I have some definite thoughts on backgrounds that have changed greatly over the years... but I thought I'd wait 'til others make some comments. :)
 
When painting landscapes, I always paint the farthest background first and then come forward with each layer to the final foreground. With portraits, I'm all over the place. I always paint the eyes first, then give the face some form, then the background gets covered. After the whole canvas is covered I let it dry for a while, then go back and finish the background so it stays behind the portrait. Then the eyes get completely finished then the face and the hair. I know, I'm weird but it works for me. :giggle:
 
I think I like to do the backgrounds last since I paint in oils. I do try to go from left to right in general because of everything being wet and me being right-handed, but I usually get the insides of things first before doing the background. The one I'm (supposed to be) working on right now, the background will be last, especially because it's all blues and greens, and most everything else will be white on the insides of the outlines. I'll be able to do all the color mixing in a couple of/few days for the background.
 
I am all over the place in terms of position but generally I work .... Darkest, lightest, middle. Then I start fine tuning leaving the highlites for last. I paint into rather that to.
 
I remember reading an interview with Matisse in which he was speaking of "Expressionism". He suggested that the German Expressionists thought the expression... the emotion lay in the main emotion-laden subject: a face or a figure. He, on the other hand, felt that the expression lay in the whole of the painting... that the background which some thought of as little more than a mere setting was every bit as important as the face or the figure. This whole is what made him an "Expressionist".

At the time when I first read this, I was not of a like mind. I thought of the background in a manner akin to Rembrandt or Velazquez or even Michelangelo: it was of little importance other than isolating the subject... the figure or the portrait. My own approach to painting was similar.

A good number of years ago I lost my studio space. I was forced to create whatever I was going to create in my small apartment at the time. I made an attempt at very small oil paintings, but even working on a diminutive scale the turps, linseed, and damar were overpowering and I ended up with a mess. Realizing my messy nature, I realized acrylics were also out of the question. I was never overly fond of watercolors either. I made a few small woodblock prints but didn't like the water-based inks as opposed to the smellier oil-based inks. Around that time I was pushed to create a couple of collages as part of a professional development class. I actually found that the result had potential.

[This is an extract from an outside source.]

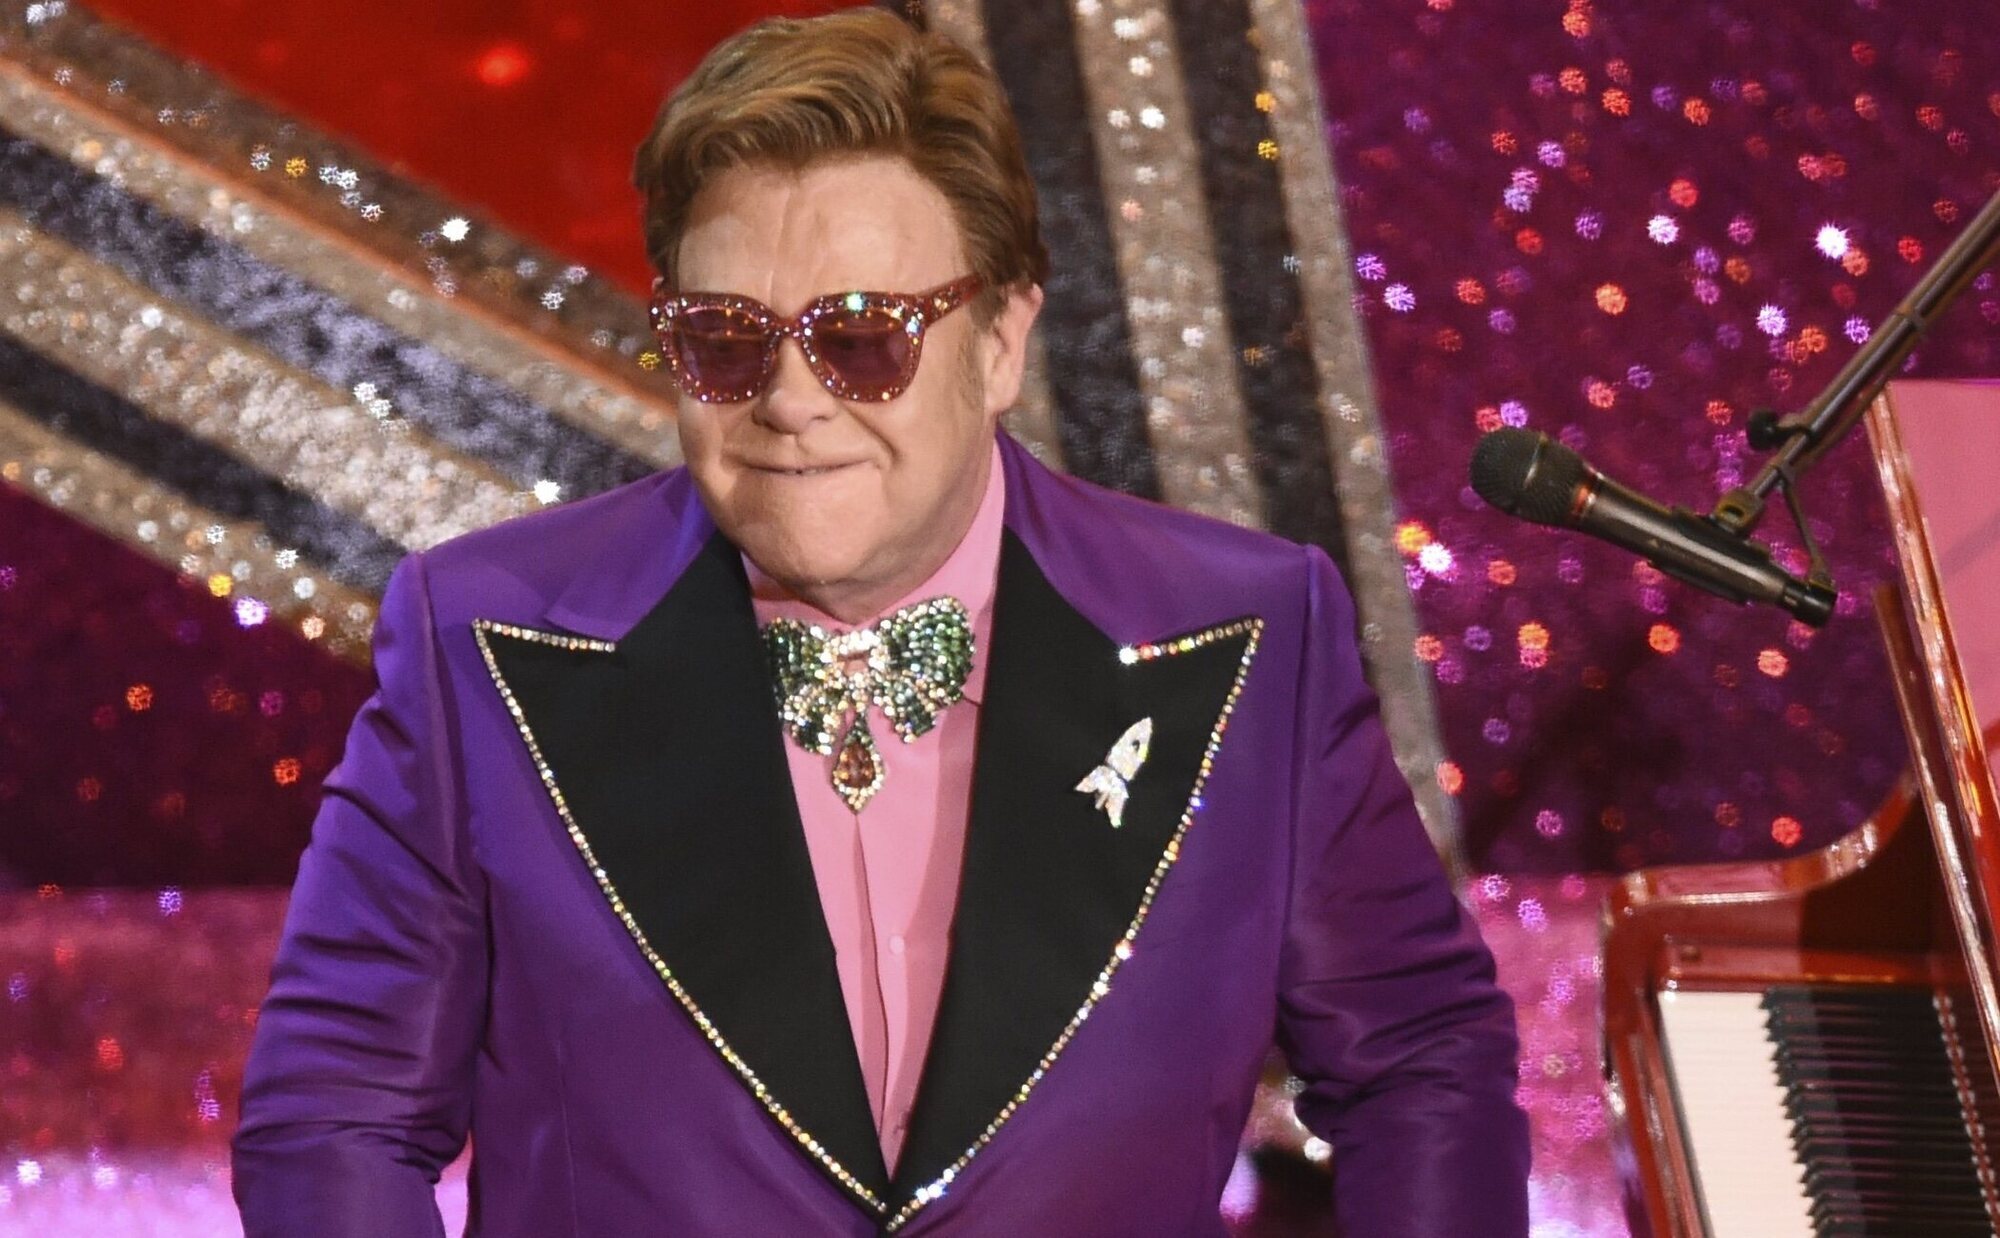 La tremenda caída que ha llevado a Elton John a ingresar en el hospital en Niza

At the same time I was reading a good deal about Joseph Cornell and felt that collage and assemblage were an ideal art form under the circumstances... and perfectly suited to an exploration of my passion for books.

My approach to collage did not involve the usual figure-ground relationship as found in my paintings. Rather, I was forced to think of the whole of the image. Nothing was less or more important within the image as a whole. When I again abandoned collage and started painting again, I began to think of the "background" as just as integral to the work as a whole as the figure. I begin working by drawing the figure as a two-dimensional shape within the field I am working in. Once that is established, I focus almost exclusively on the "background". I may enjoy the process of drawing the figure more than drawing/painting the background... and it may be more demanding. Nevertheless, I think of the figure as just part of the whole.
 
I was thinking that is true of your paintings. But not true of everyone's

Baldassare_Castiglione,_by_Raffaello_Sanzio.medium.jpg


Raphael's portrait is stunning... but the background is little more than a setting for the figure.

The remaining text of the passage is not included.